Because it is tempting to dismiss everything politicians do as purely political, it is worth remembering that the Bush-Clinton bond reaches a long, winding ways back. It was by no means obvious that anyone from these two families could get along, especially after the hard-fought 1992 Bush vs. Clinton campaign. The thaw began with a grace note characteristic of George Herbert Walker Bush: a private letter left for Clinton as he took office: “You will be our President when you read this note,” he wrote. “I am rooting hard for you.”

The actual family friendship began more than a decade later, when the younger Bush sent Clinton and his father traveling the world together to raise relief funds, first for victims of the 2004 Asian tsunami, then Hurricane Katrina. Soon Clinton became a guest at the Bush home in Kennebunkport, Maine, playing golf, spending the night, hurtling the waves on Bush 41’s powerboat. After Clinton’s heart surgery in 2004, Bush 41 was on the phone checking up on him.

Bush left office with an approval rating roughly half as high as Clinton’s, and polls still rank him as the less popular of the two. But this summer, for the first time, more Americans like Bush than dislike him, according to a June CNN/ORC poll. And aides say he is more certain than ever that history will treat him well.

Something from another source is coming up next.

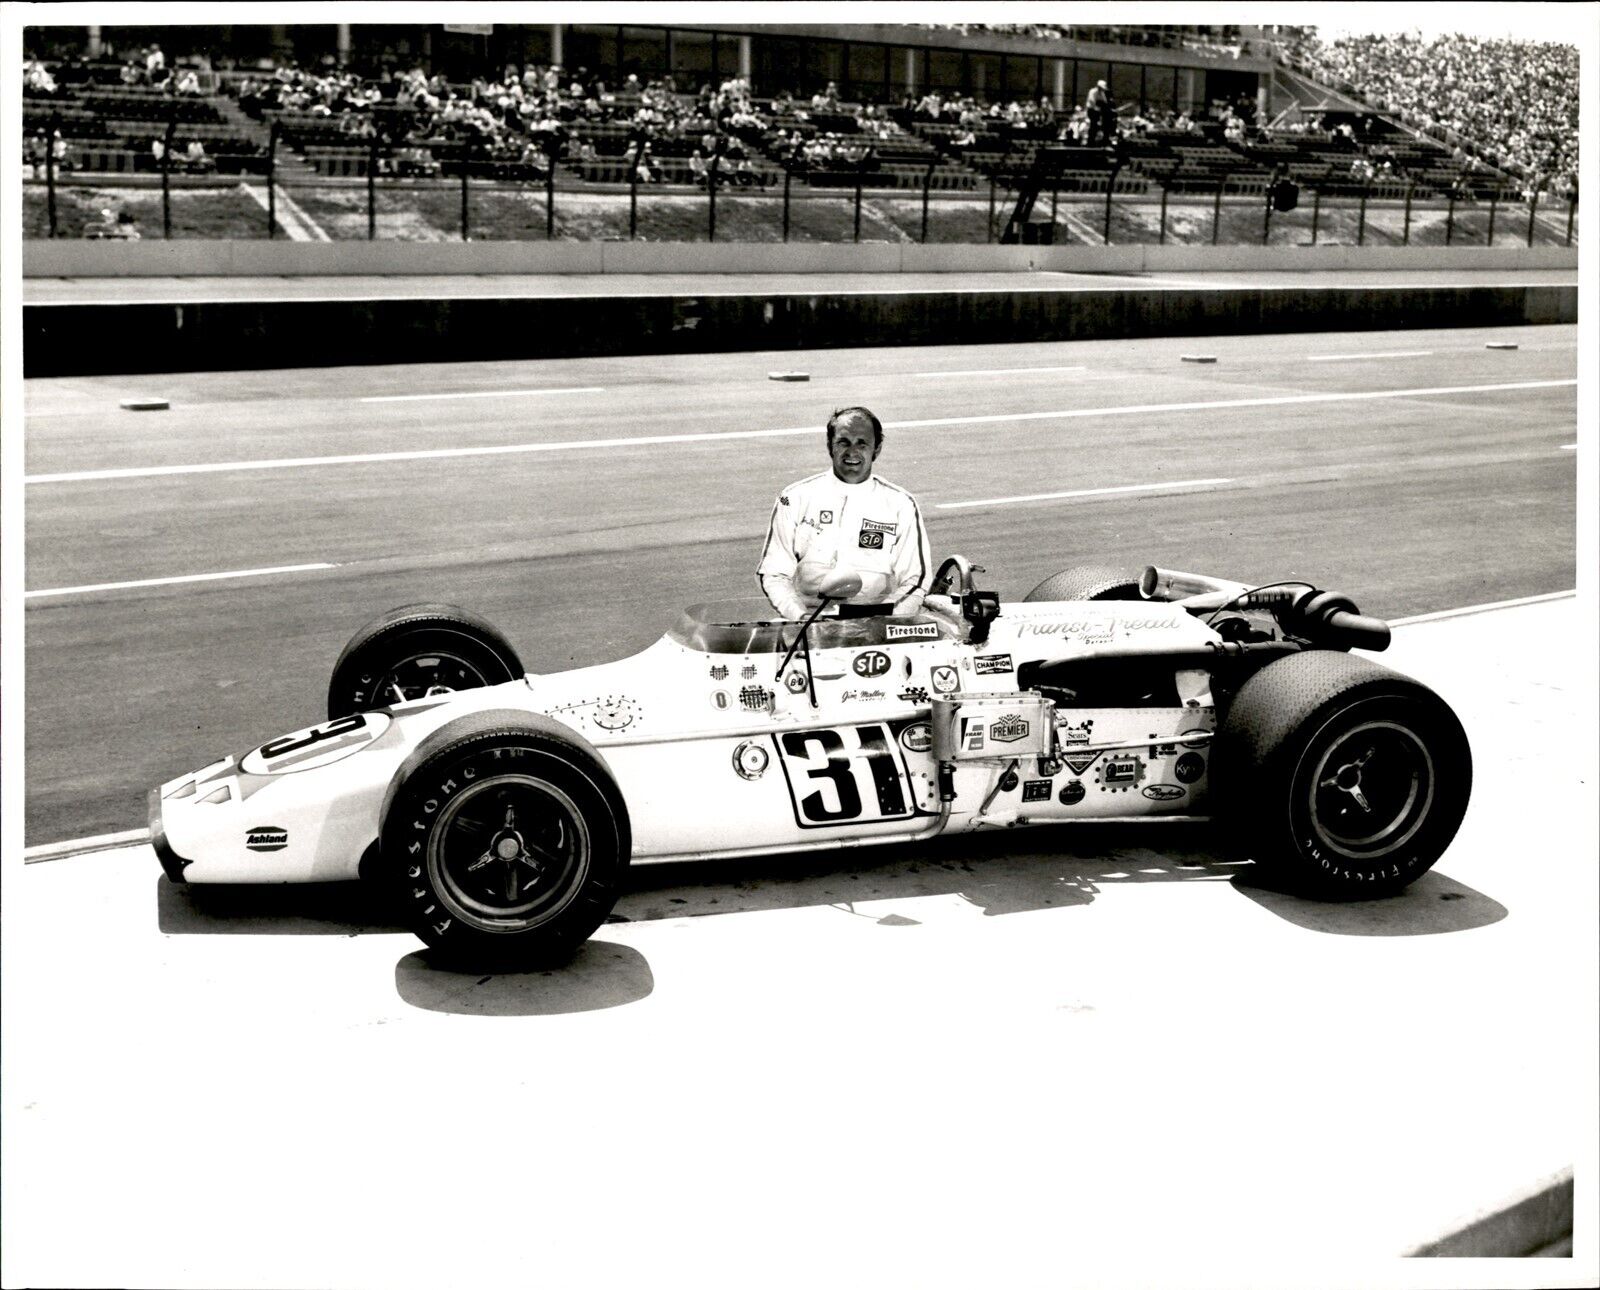 LD321 1970 Original Darryl Norenberg Photo JIM MALLOY #31 CALIFORNIA 500 RACE

The minute they met up in Dallas, the ribbing began, from joking about going to prom together as they posed for photos for this story to tussling onstage at the ceremony for the scholars. They know each other’s moves well enough to pull back the curtain. At one point, Bush found himself talking about how important it is for a President to “find people who are capable of fighting through all the trappings of power and giving you good advice … and the environment is such that the sycophants aren’t allowed in.”

Then, almost reflexively, he stops himself. “I don’t know if that makes any sense. They told me to use some big words.”

At this, Clinton rolls his eyes, throws back his head and laughs. “This is the point where I reach in my back pocket to make sure my billfold’s still there,” he says, for he long ago concluded that Bush’s good-ol’-boy act is a means to an end.